The zani had rapidly thrown together some zani-versions of several old fashioned human designs for reusable chemical rockets. They were building them with astonishing speed. Ti-Zan’s government may seem like a bureaucratic nightmare to an outside observer, but when the government was of one mind like it currently was, the raw productivity put other civilizations to shame. Although it could be argued that this productivity was mainly because their homeworld, for once, gave them an upper hand.
Hent, being tidally locked, did not spin on its axis. So, there was no day or night within the ring of habitable land wrapping around the prime meridian. This meant that civilization could run around the clock, without any reduction in efficiency that would normally come on a “night” shift. So, zani construction crews had effectively been working non-stop since the humans had revealed themselves. They had been expanding Ti-Zan’s fledgling space industry to meet the enormous spike in demand. Dozens of workshops and laboratories and fuel refineries and countless other crucial pieces of infrastructure had already been built, and were busy spewing out the materials and products necessary to catapult the young species into the space age, and countless more were still under construction.
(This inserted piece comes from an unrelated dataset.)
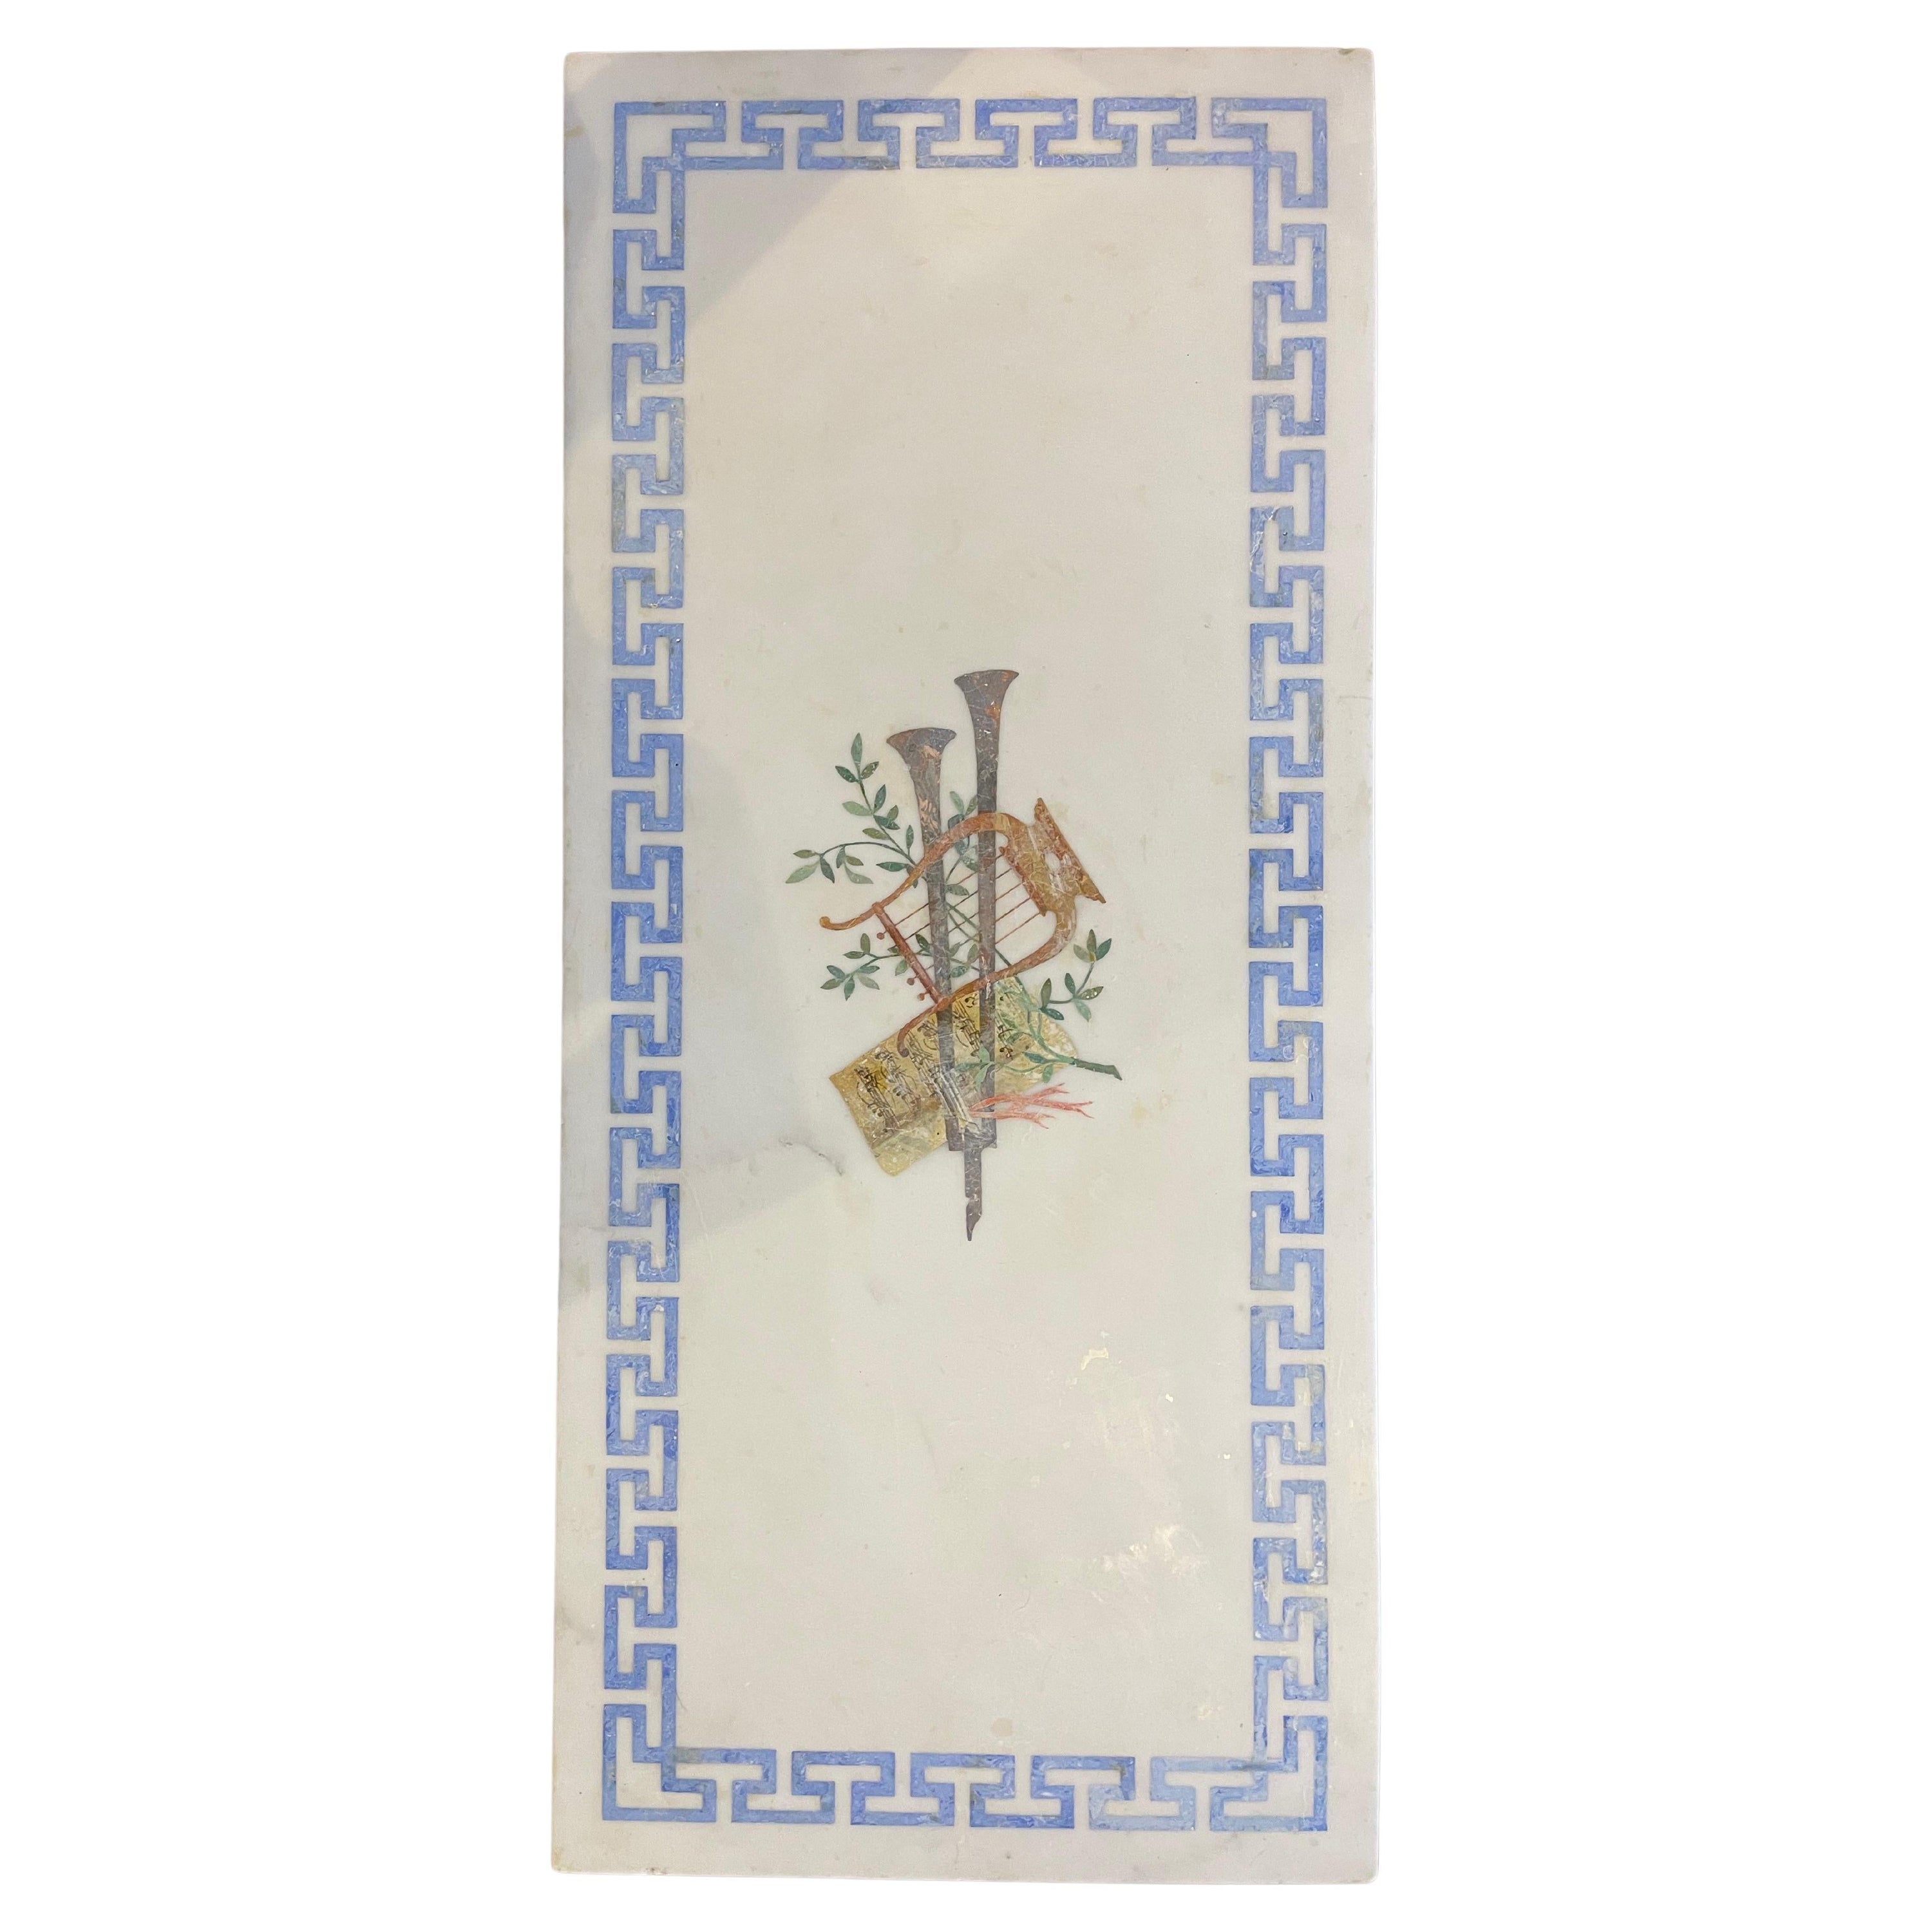 Couchtisch mit weißer Marmorplatte und vergoldeter Platte, griechischer Schlüssel und dekorativer Intarsien

If there was any civilization that could go from experimenting with primitive satellites to throwing together an honest-to-god space warship within barely a year’s notice, it was this one. Of that, Sandra was confident. Still, going from simple chemical rockets to the atomic warships they were planning was like going from canoes to guided missile destroyers. For starters, all a rocket really needed in theory was some combustible gasses and solar panels, and it was set. Warships needed, at minimum, a nuclear fission reactor (which didn’t exactly grow on trees) and a primary thruster that had both a high thrust and a high specific impulse. In other words, a torch drive. Doing that without fusion power was like trying to make an airplane that ran on a coal-fire steam engine. They hadn’t gotten beyond the workshopping phase.
Akito gave a little whoop of triumph, and presented his wife with the exposed morsel of meat. She popped it into her mouth and chewed as slowly as she could manage. When she was done, she smiled at him.
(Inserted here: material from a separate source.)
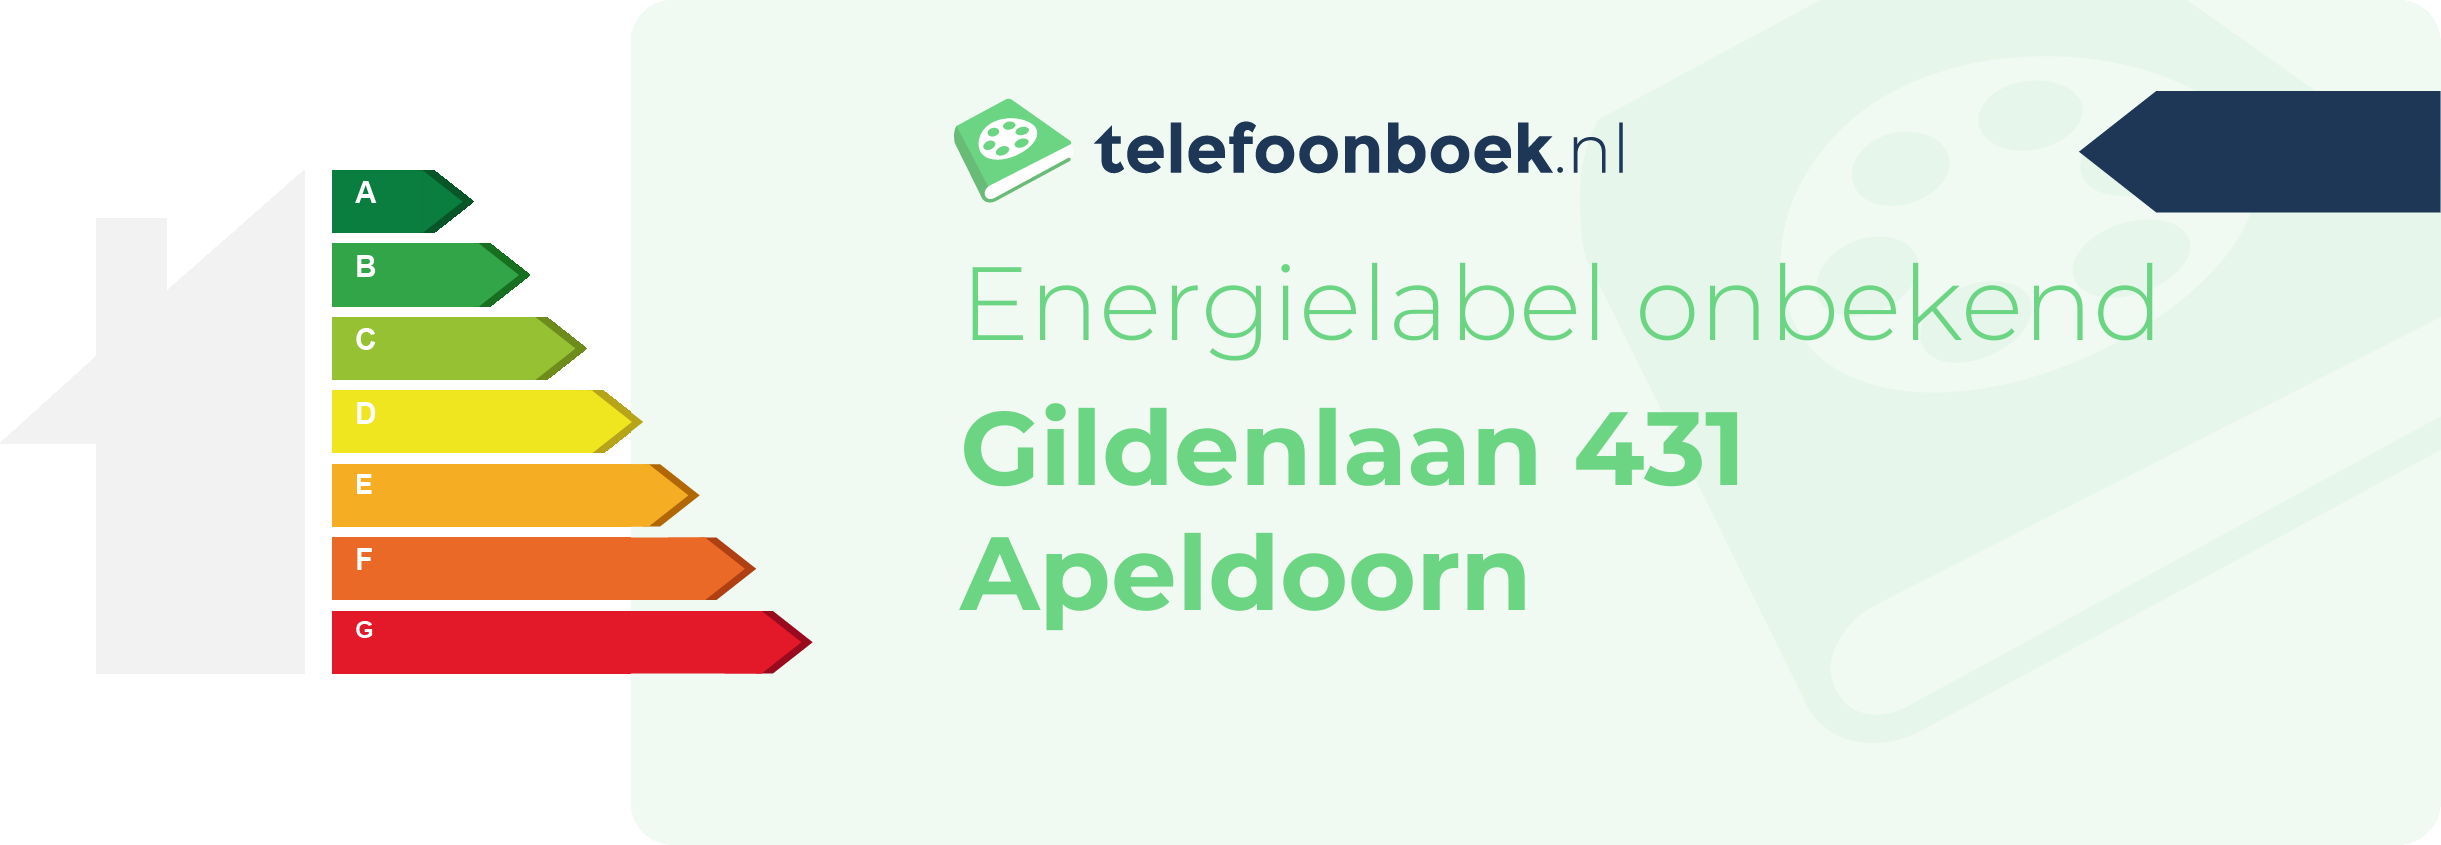 Energielabel Gildenlaan 431 Apeldoorn

To her surprise, her phone rang. A small pang of worry went through her. She’d rigged up a point-to-point radio system that work with her and Akito’s mobiles, but the zani never called her for the fun of it. Had something gone wrong with the prototype? She answered.
“This is Sandra.”
“A small fleet of starships has appeared in the system, presumably from Dark Space. Get to mission control as soon as possible.”
“On our way. Ships detected in the system, we’re going to mission control.” Akito’s question died on his lips as his wife’s second sentence answered it for him.
He waved over the waiter.
—
Sandra and Akito rushed into the mission control center, greeting a very nervous Mediator and several agents from the Ministry of the Interior and Ministry of Rocket Science. The Mediator greeted the human pair.
“Thank you for coming on such short notice. We were hesitant to attempt contact without your presence.”
Sandra nodded. “Mediator. May I see the sensor data?”
He nodded, and directed her to the console. She scrutinized the data for a long moment.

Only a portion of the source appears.